- **Exercise aim**
Among the entries below, only the lines from the one with "Polar Bear Swimming Stock Illustrations" through the one with "Çubuk Kolye 60 Cm Gümüş Ve Siyah Renk Set" are wanted, reproduced exactly. Pictures are not wanted.

##### Material provided #####

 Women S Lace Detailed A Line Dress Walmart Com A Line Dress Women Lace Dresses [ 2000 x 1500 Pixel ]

#####
##### Material provided #####

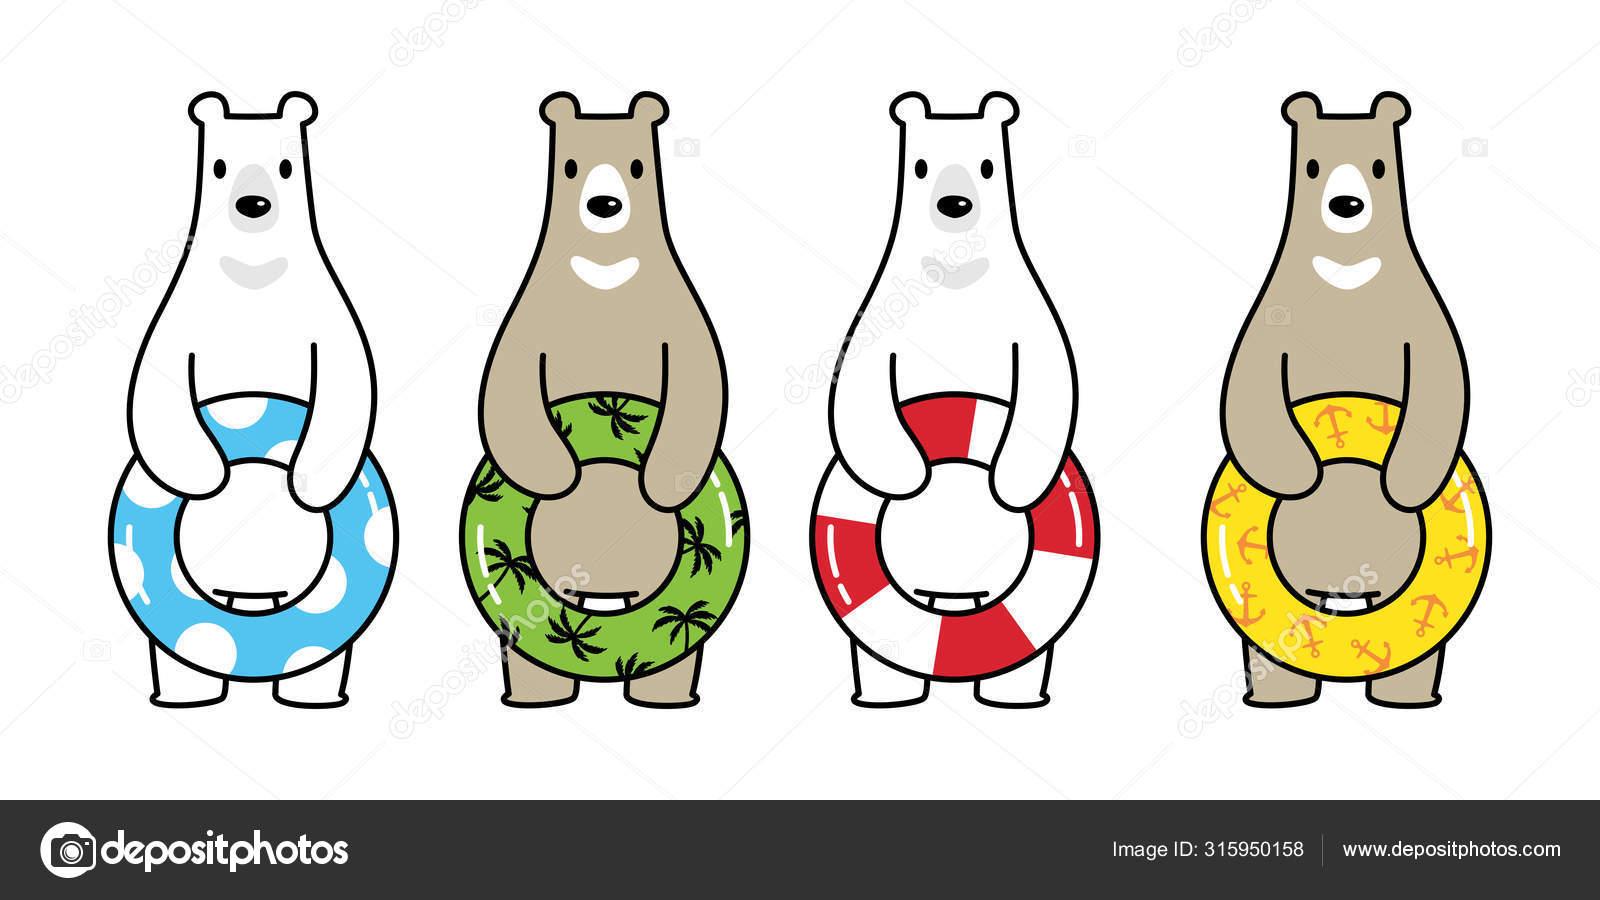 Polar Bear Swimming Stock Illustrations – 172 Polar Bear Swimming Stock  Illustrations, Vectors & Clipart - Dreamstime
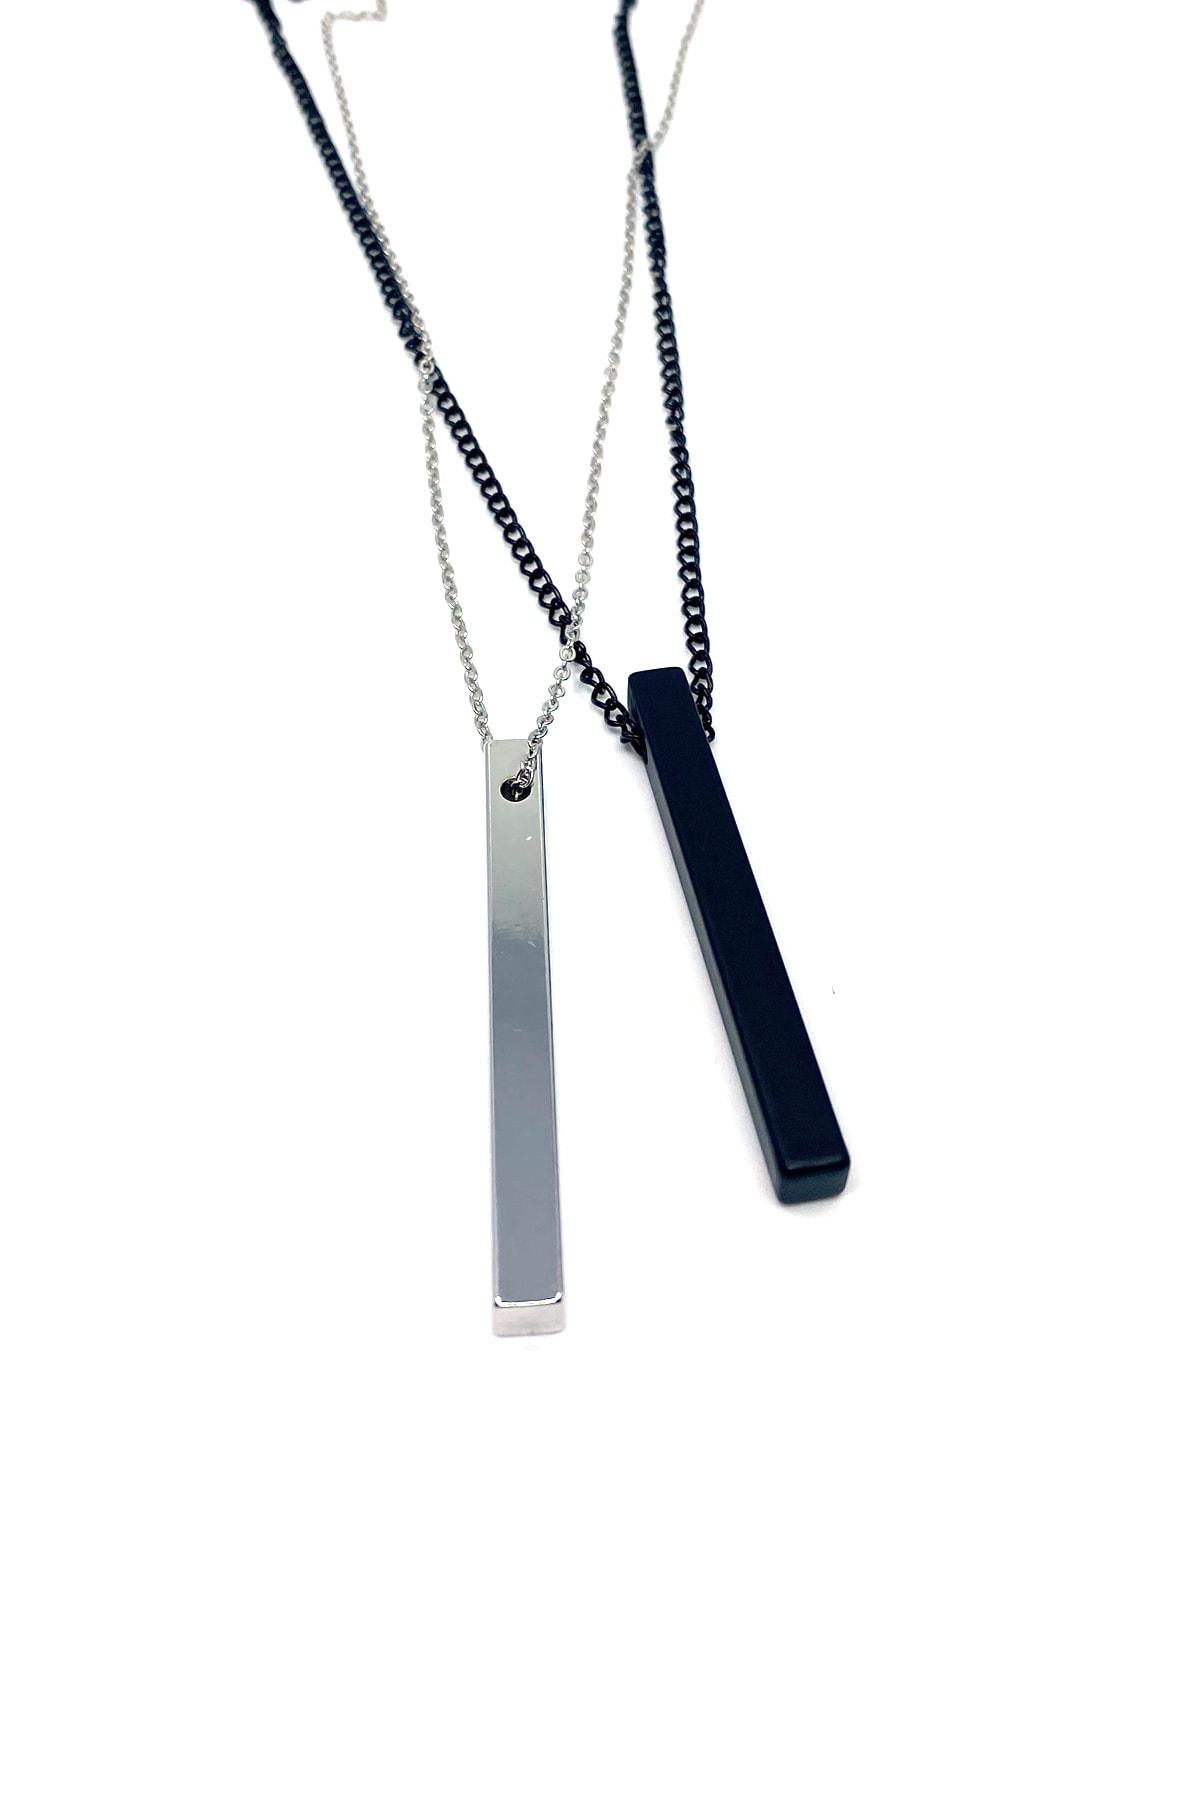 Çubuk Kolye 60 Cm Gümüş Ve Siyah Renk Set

#####
##### Material provided #####

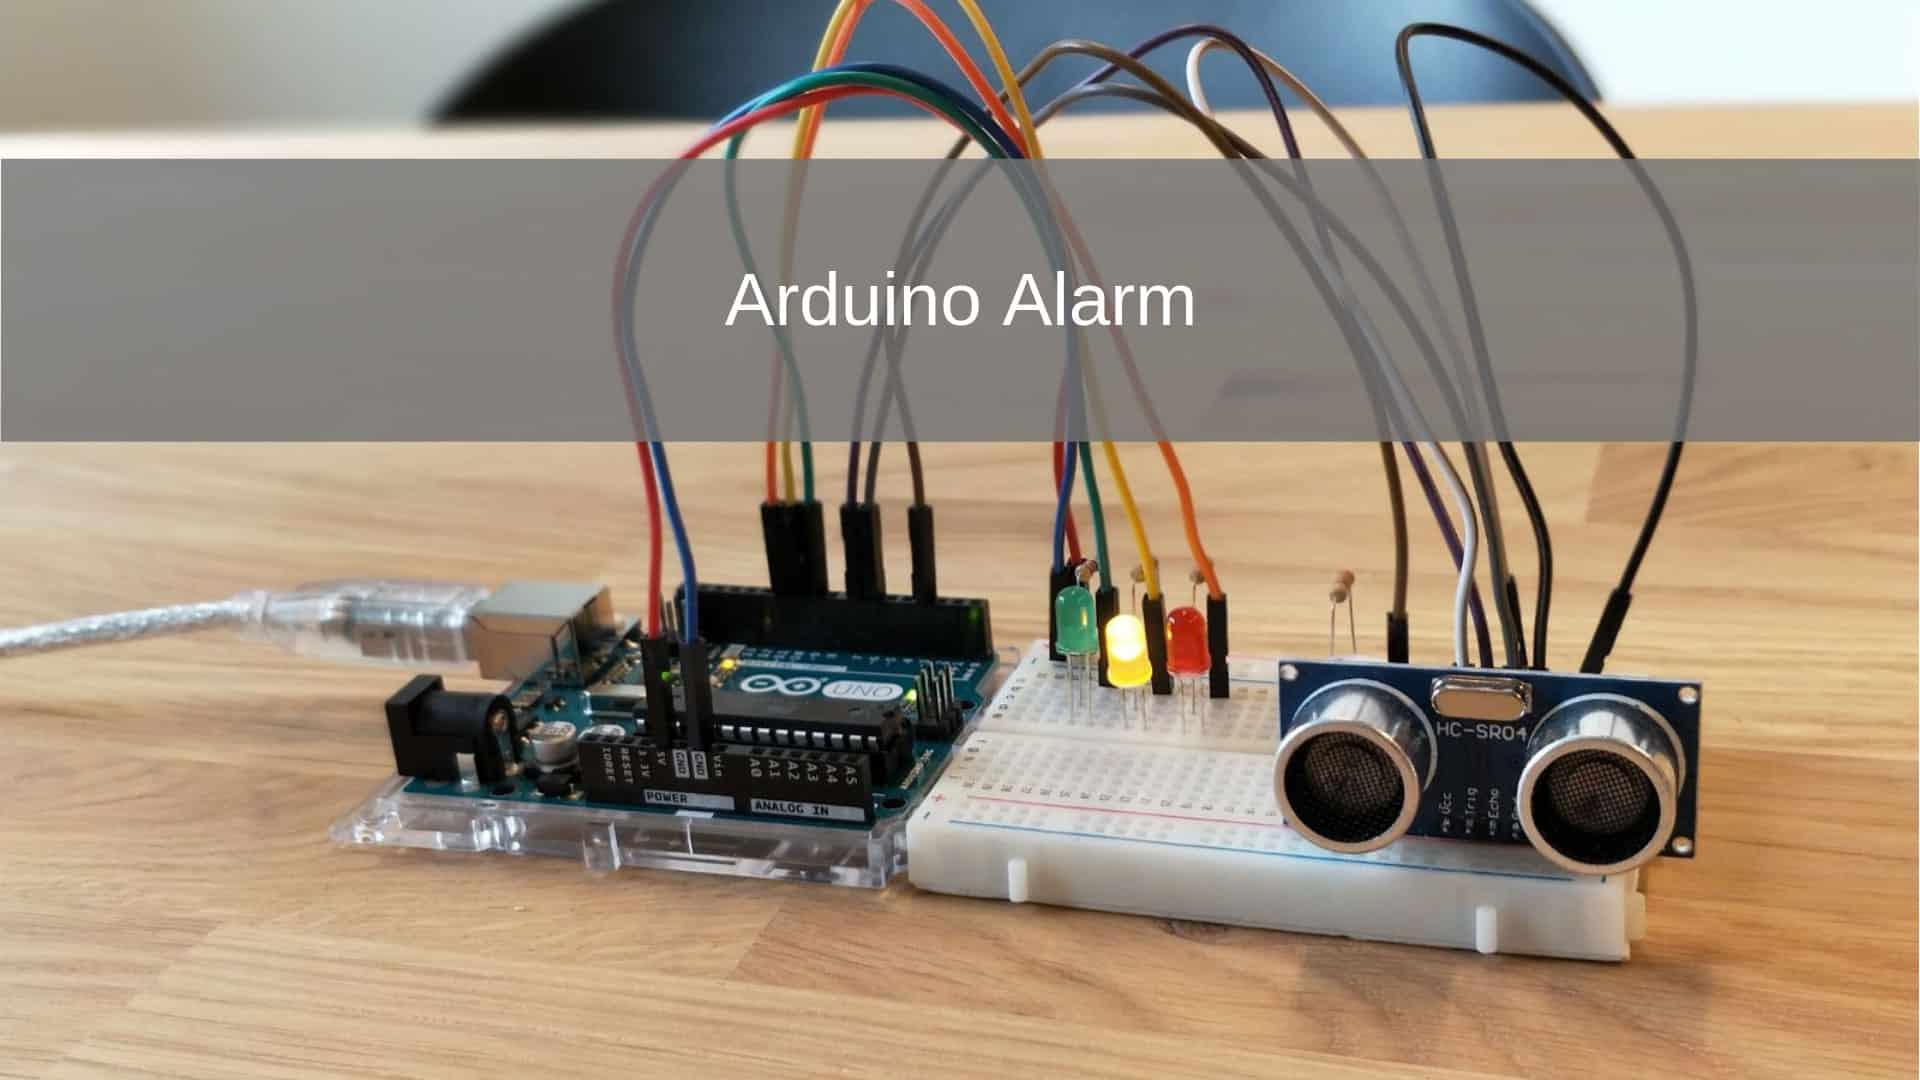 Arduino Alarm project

#####

- **Answer box**
 Polar Bear Swimming Stock Illustrations – 172 Polar Bear Swimming Stock  Illustrations, Vectors & Clipart - Dreamstime
 Çubuk Kolye 60 Cm Gümüş Ve Siyah Renk Set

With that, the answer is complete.